- **ASSIGNED TASK**: Restate the listing below exactly, images excluded.

- **DATA EXCERPT**:

==========

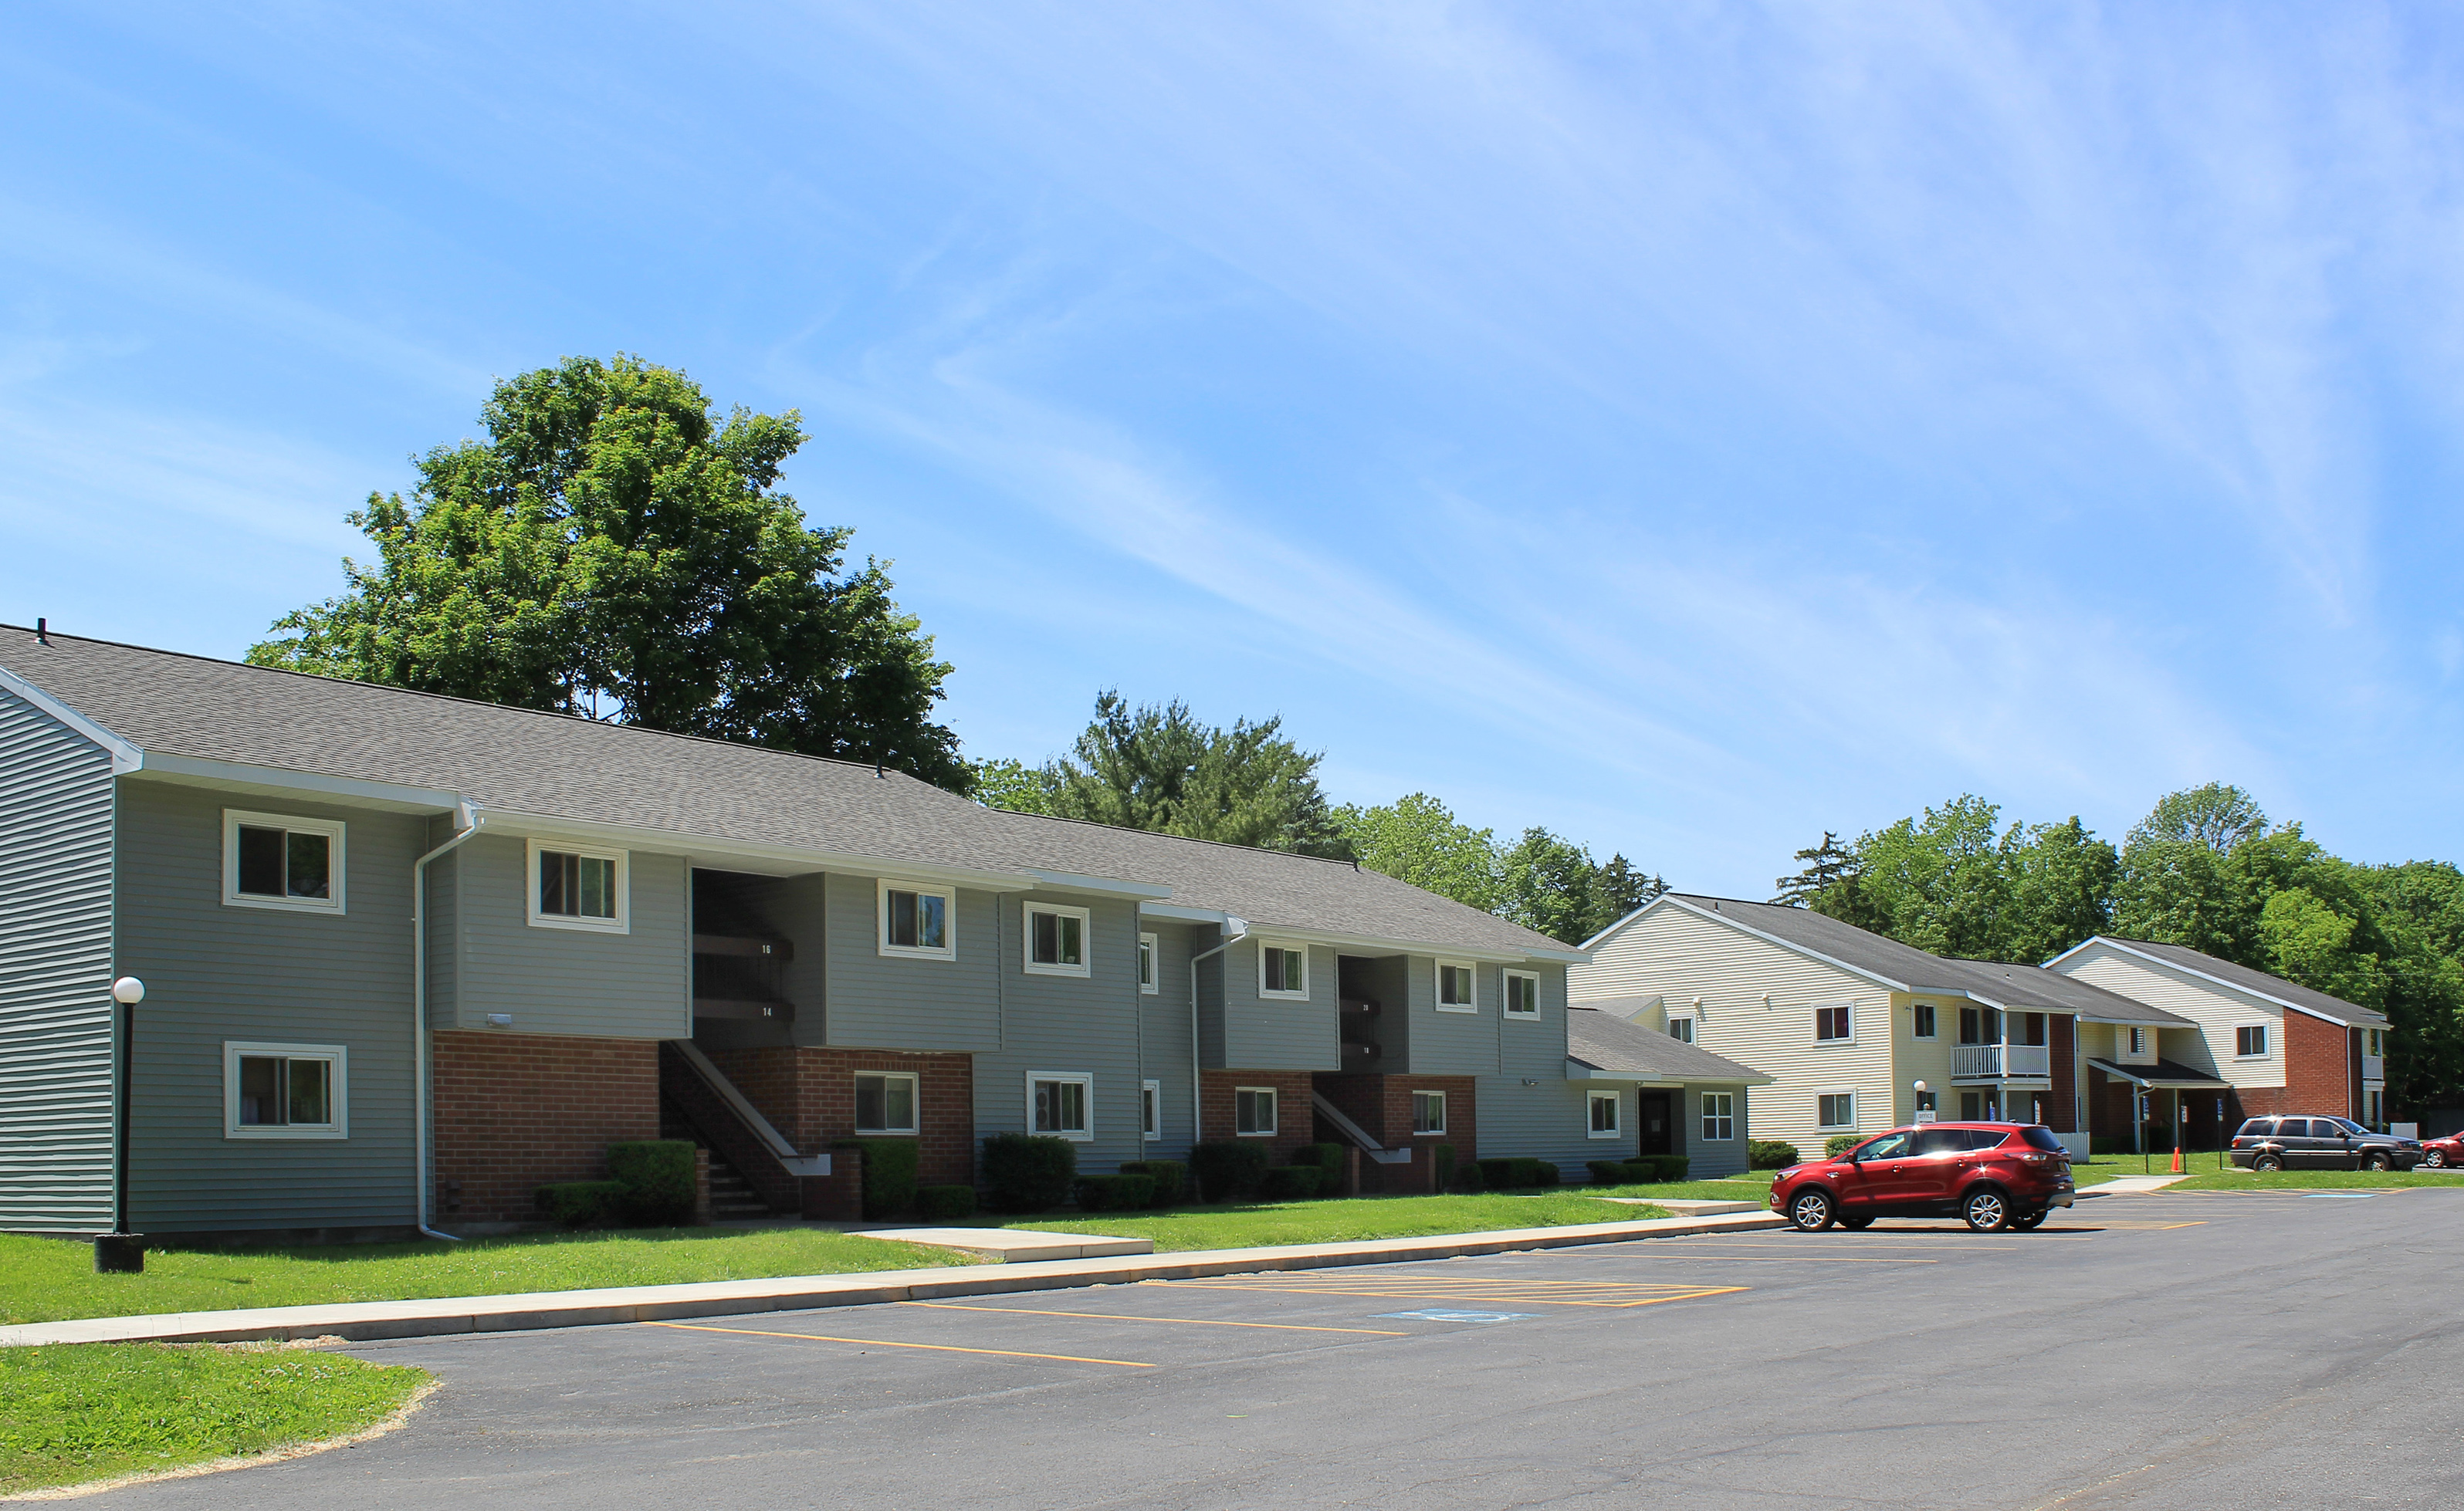 property management company client list syracuse ny housing image of village manor apartments
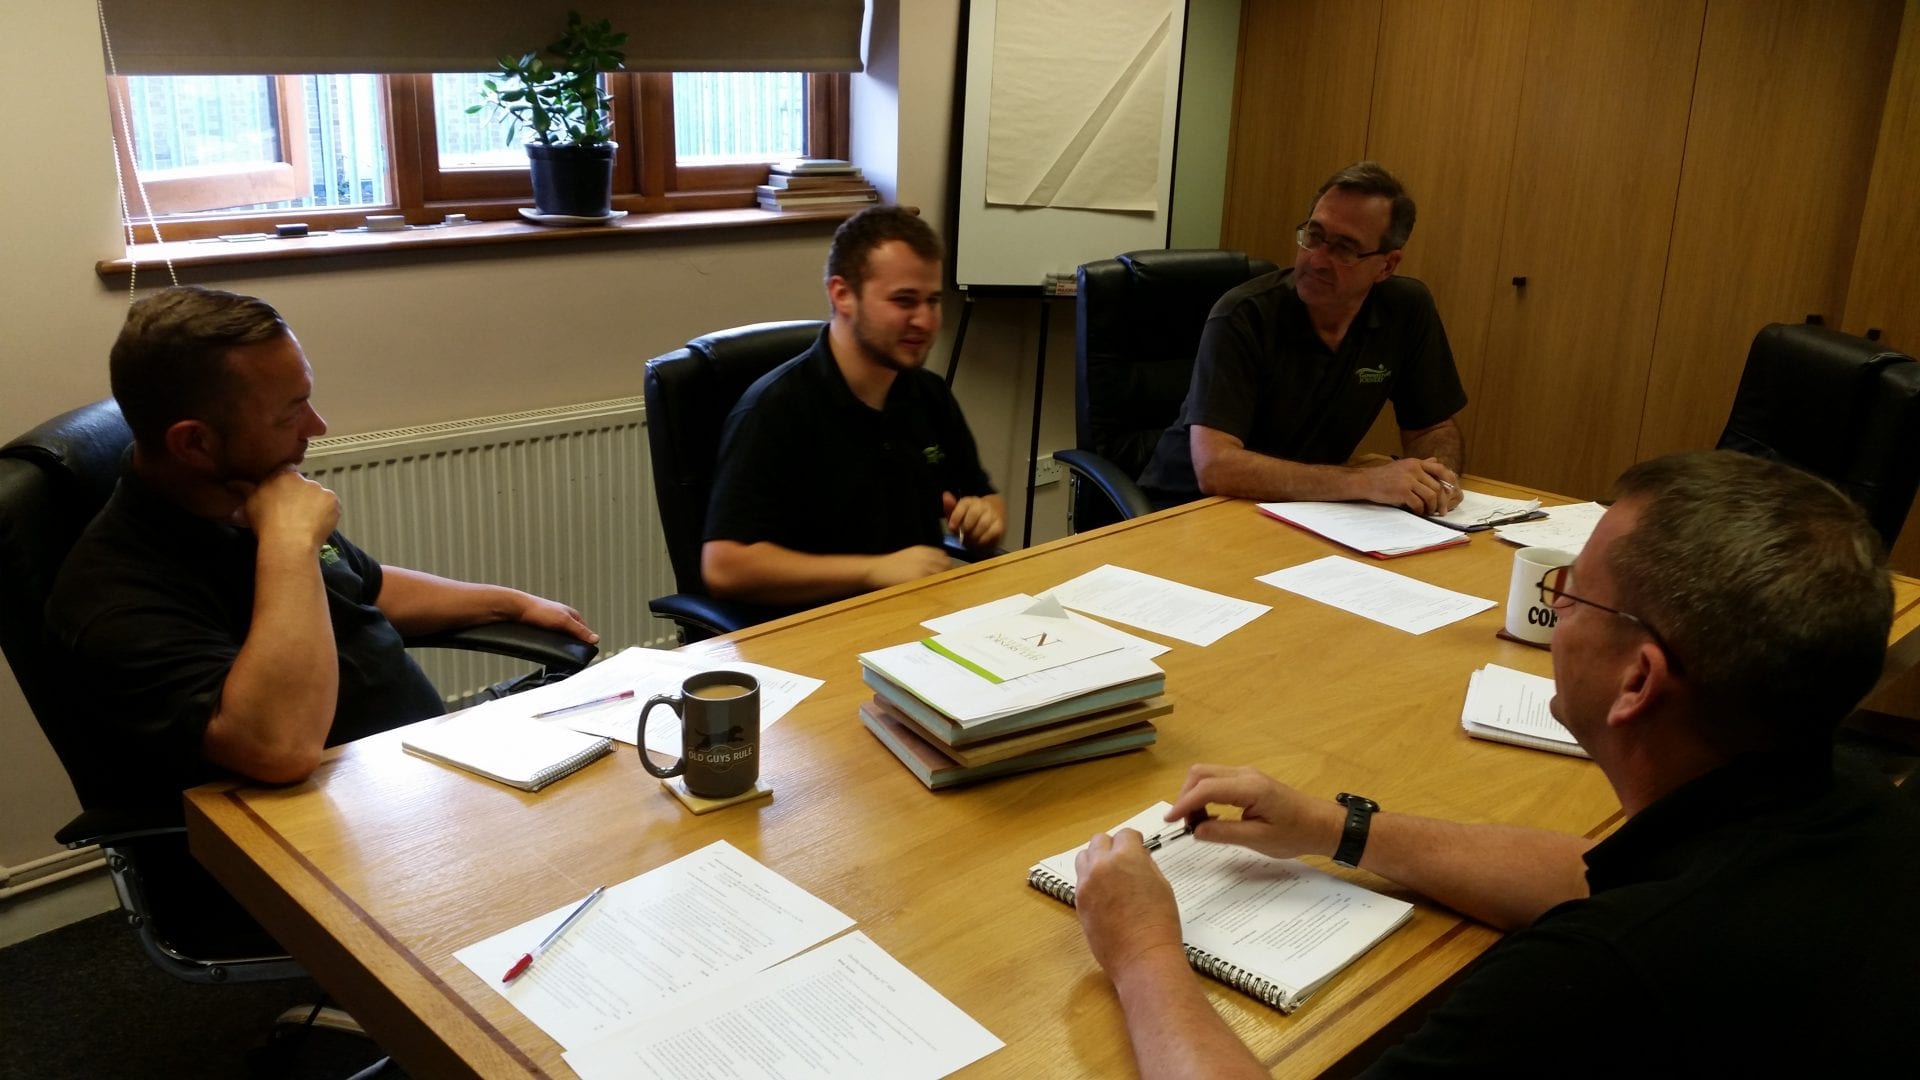 A quality and HS meeting in progress at the Gowercroft window manufacturer offices
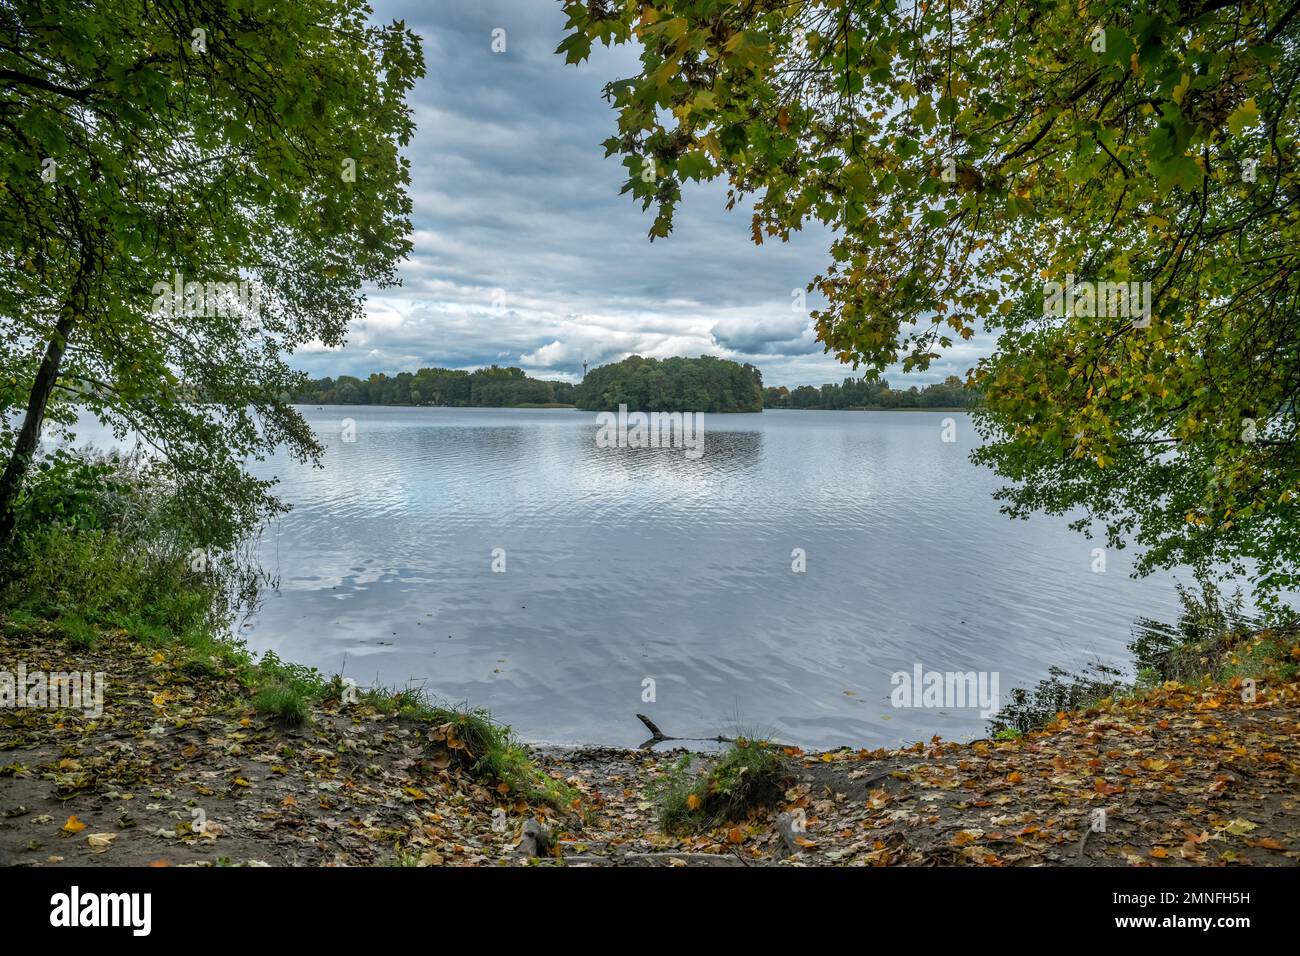 Lac Ruppin, district d'Ostprignitz-Ruppin, Brandebourg, Allemagne Banque D'Images
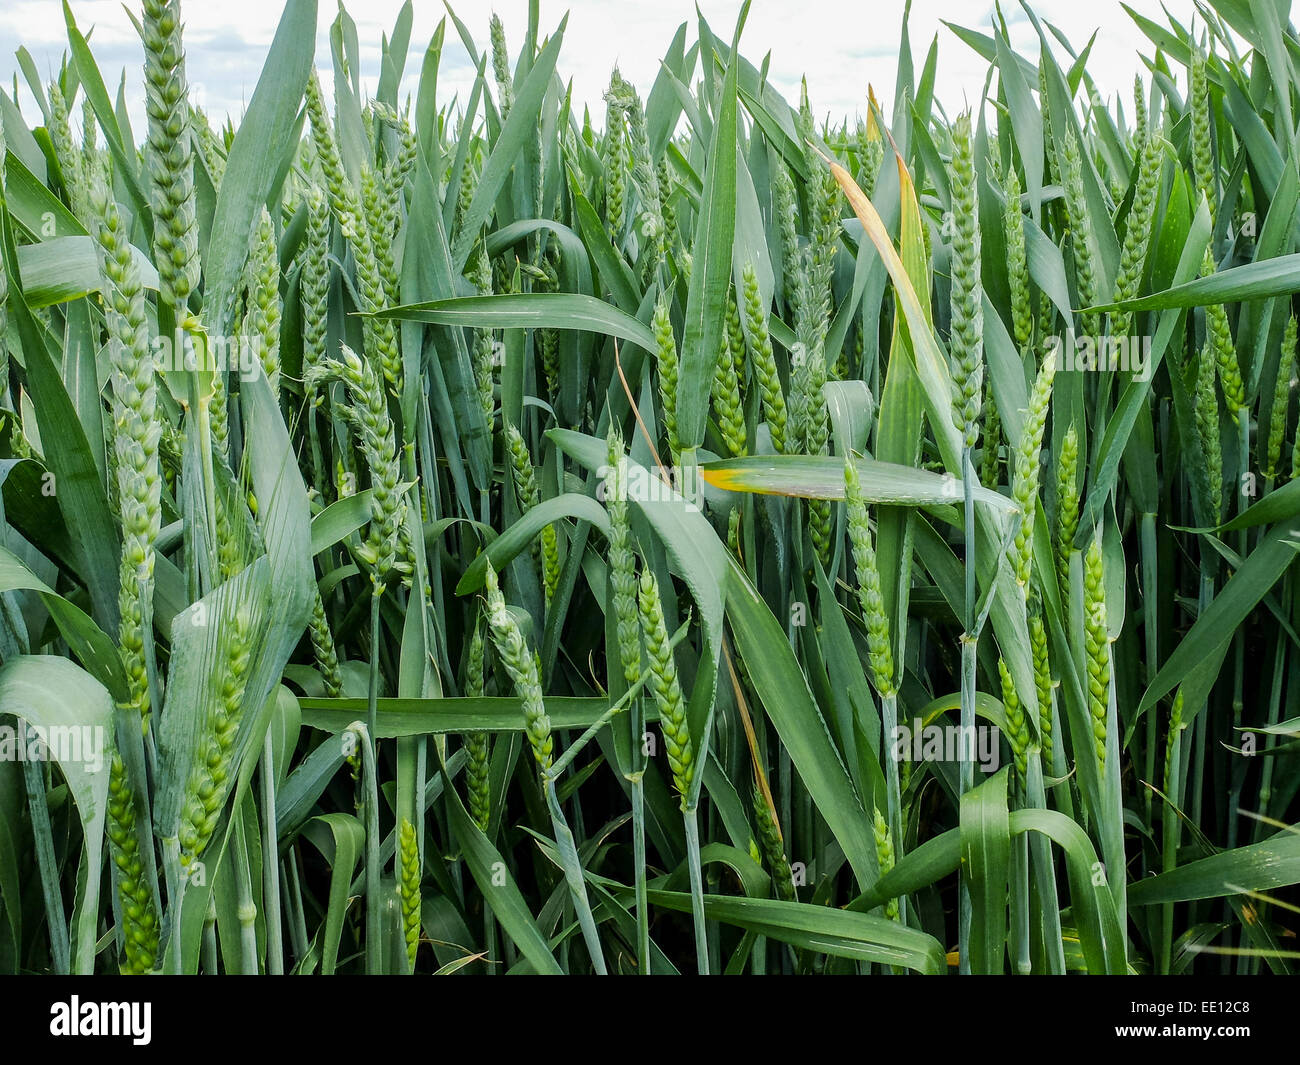 Some ears of wheat in the early stage of their growth, with long green ...

==========

- **YOUR RESPONSE**:
 property management company client list syracuse ny housing image of village manor apartments
 A quality and HS meeting in progress at the Gowercroft window manufacturer offices
 Lac Ruppin, district d'Ostprignitz-Ruppin, Brandebourg, Allemagne Banque D'Images
 Some ears of wheat in the early stage of their growth, with long green ...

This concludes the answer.